Breast cancer’s handbag campaign: sexist, puerile, insulting
By Elizabeth Willmott Harrop
11 October 2010
In honour of breast cancer awareness month I left the following status update on facebook:
“Elizabeth likes it on the table so I can throw up in it, because all the handbag lala jokes are sexist gender stereotyping and objectification. All women are good for apparently is being shagged while hanging off some hook around the house.”
I wasn’t being a killjoy, simply noting that what seems like a bit of playful fun in the name of a good cause, is actually reaffirming all kinds of denigrating ideas around the subject of gender.
In the run up to October, girls received an online rally to leave a facebook status update saying where they keep their handbag: “likes it on the coffee table,” “likes it on the passenger seat”. Key to this game being to keep its real meaning a secret from the titillated boys (snigger snigger).
Our society has a 20 second attention span, and is obsessed with a selfish consumerism and the objectification of women. So what better way to support a good cause than by getting women to sexualise and trivialise themselves through a meaningless, banal and effortless activity.
The emails urging the activity said things like “Come on girls let’s show the boys how powerful we are”. Of course there’s loads of power in pretending to hang from the banister 24 hours a day waiting for random penetration.
All that actually happened is men thought their female friends were proffering their wares online. And women believed that writing a five word vapid status update made them a good citizen.
It’s a veneer of frivolous fun but with a subtext that is not funny at all. And it’s for a good cause that would benefit from a $5 donation rather than from inanity, and a cause which should frankly know better.
The whole pink ribbon thing, last year’s what colour is your bra facebook campaign, and now this handbag tosh: Apparently being a woman is all about bras, handbags, liking pink and being a sex object. Great. If a woman has a mastectomy there’s a big coming to terms with losing an aspect of her femininity. So why is the organisation responsible for helping her, making the concept of ‘woman’ and ‘femininity’ be so narrow and gender polarised?
Meanwhile the smug moral authority accompanying the questioning of these status updates “Oh I know someone with breast cancer” “Oh it’s all for a good cause” is not good enough.

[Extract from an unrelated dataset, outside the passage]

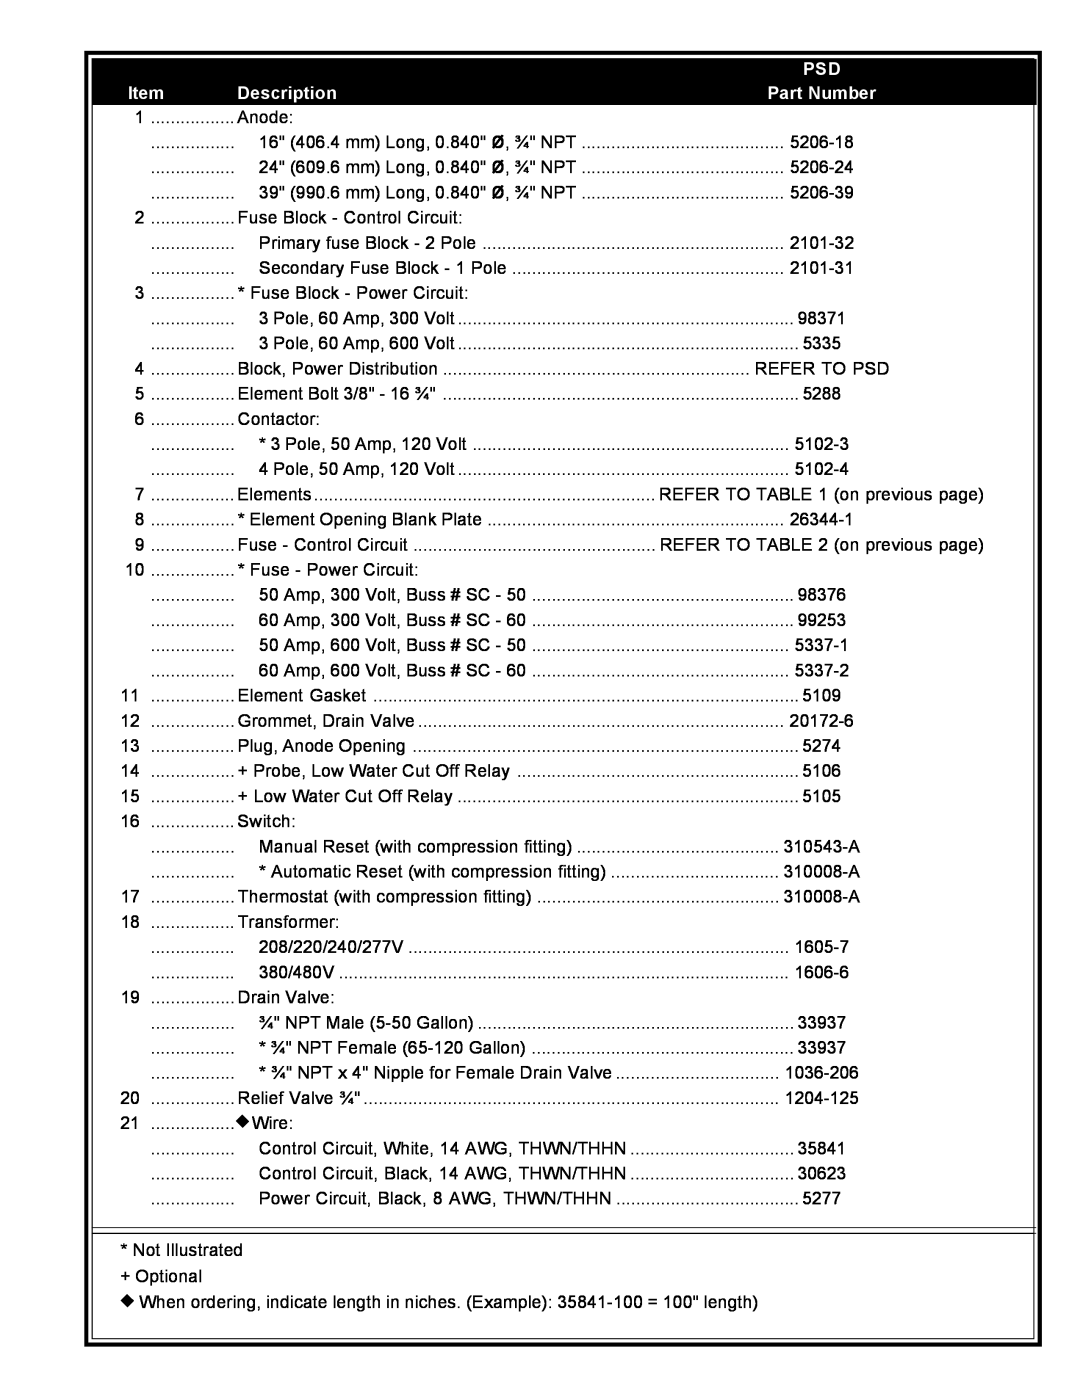 State Industries 5 THRU 120 manual Description, Part Number, Elements, Fuse - Control Circuit

One breast cancer survivor wrote to Salon saying:
“As a double mastectomy two-time cancer survivor, I was deeply hurt by the last meme … It was not a harmless game. It was a slap in the face for some of us who no longer need bras because of breast cancer… Playing games in the name of breast cancer, or purchasing pink products that donate a penny to the cause, is just insulting. Cancer is not pretty. It’s not pink. And it’s definitely not flirty. It’s a deadly, bloody, nasty disease, and it’s killing me.”
And I can think of at least five reasons why men should not be excluded from breast cancer (total lack of) awareness campaigns: 1. Men and transgender individuals also suffer from breast cancer 2. Women with breast cancer need the support of men in their family and community 3. Breast cancer charities need the financial support of men 4. Making something a ‘woman’s issue’ does nothing to gain support for it at a wider societal level – the level at which substantive change happens 5. Making in-jokes at the expense of the opposite sex is about as 70s / seaside postcard / Les Dawson (“what’s the difference between my mother in law and a bag of walnuts”) as you get. As a society haven’t we moved on from that? Or at least don’t we want to have?
As one male friend of mine said “I asked my wife what her facebook status meant and she told me it was a women only thing. As far as publicity campaigns go that is about as daft as you get.”
Of all the facebook updates in the campaign this is my favourite: “I don’t have a handbag, and I’m not about to reveal my bra colour, but breast cancer kills so you should check your boobs regularly. If you’re a bloke in a family where the women have had breast cancer you should check yours too.’
So much more powerful than the pathetic giggling girls at the back of the class, skirts hoiked up for the boys.